You want the number of rolls divided by the number of 'sets of rolls' to get the average length.

So count up all the rolls and divide by 15. You'll be multiplying by 3 on top and bottom anyway so it won't matter.

So should be $15/48$. EDIT: $48/15$ (division was wrong way)

Answer 3

Let $X$ denote the random variable of how many rolls before some number repeats. What you should really be doing is using your table to calculate the probability of each value of $X$.

So, let $Y_1$ be the event that the first roll is 1 - then as you observed, $X$ is independent of $Y_1$, so $E(X) = E(X|Y_1)$. Now, from your table: $$p(X=1|Y_1) = 0; \\ p(X=2|Y_1) = \frac{1}{3}; \\ p(X=3|Y_1) = \frac{4}{9}; \\ p(X=4|Y_1) = \frac{6}{27} = \frac{2}{9}.$$ And by the pigeonhole principle, you know that $X \le 4$ in every case.

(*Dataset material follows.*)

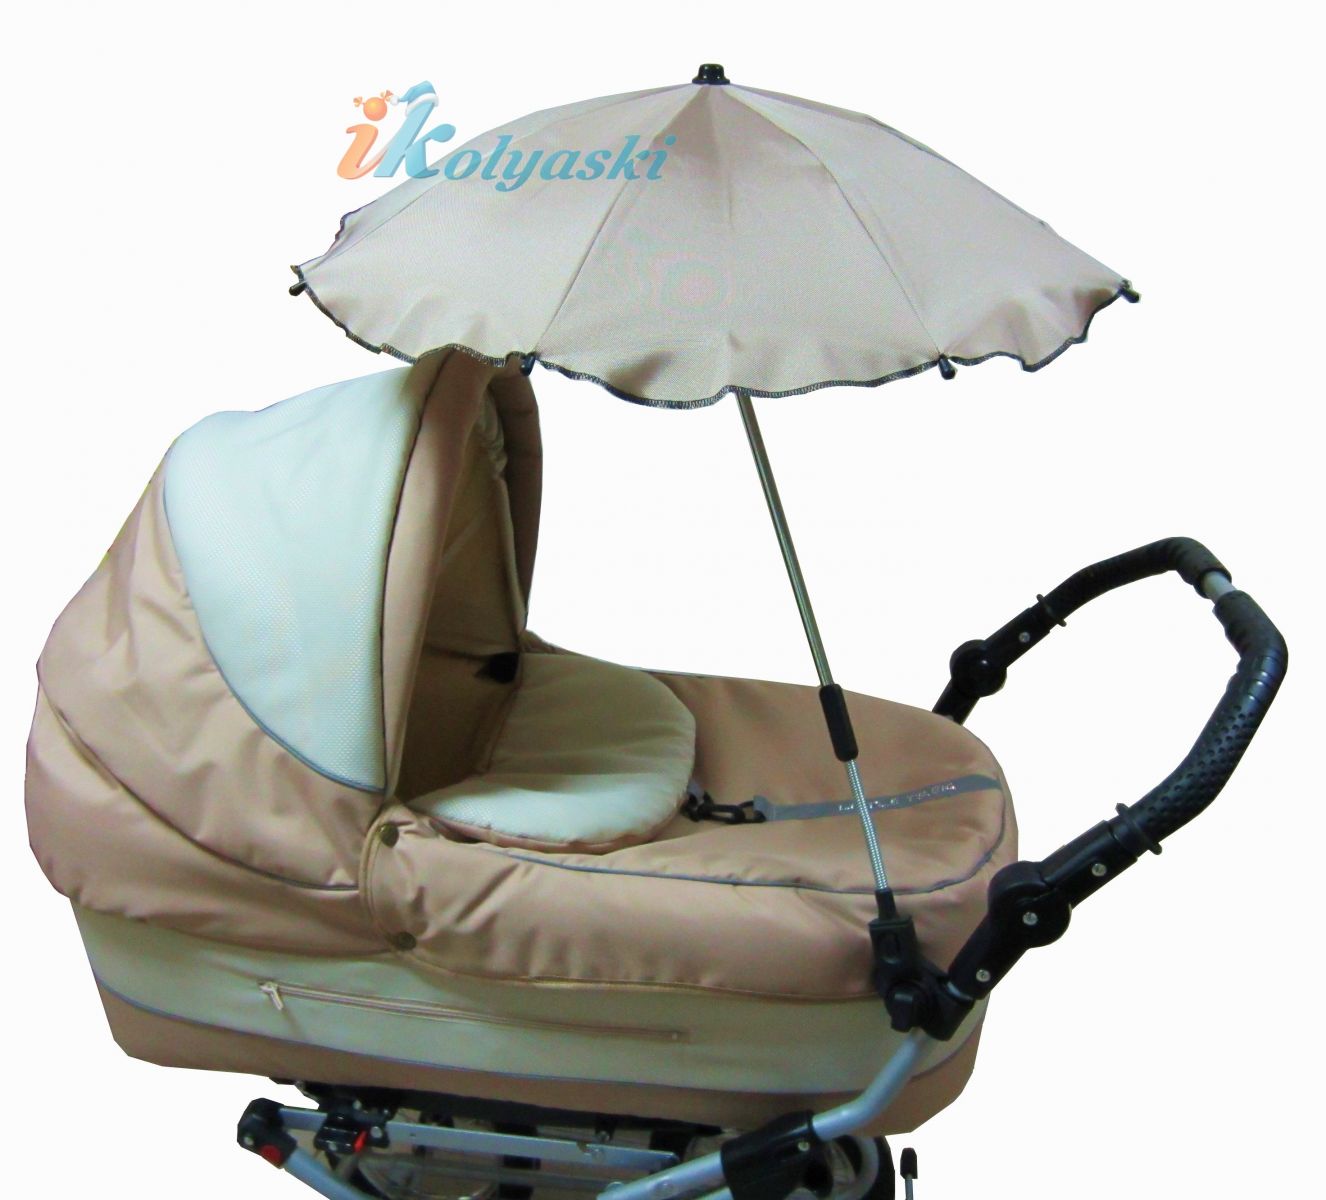 Зонтик для коляски, зонтик на коляску универсальный, зонтик от солнца для детской коляски, зонт для детской коляски, купить зонтик для коляски,  зонт на коляску, зонтик для детской коляски, куплю зонт для коляски, зонтик для коляски фото, зонтик для

From this, you should be able to go on and calculate $E(X|Y_1)$.

As an alternate approach, if you want to use the method of evaluating $X$ on elements of a table and taking the average, you absolutely need the sample space to consist of equal probability events. For example, from the observation that the result of $X$ is always determined by the fourth roll, you could list out the set of all possible first four rolls (though this is a synthetic solution, as in reality you would stop once some roll repeated instead of going on to all four rolls - you just then need to observe that the distribution will be the same one way or the other). Then, for each possibility, calculate the value of $X$ and then take the average.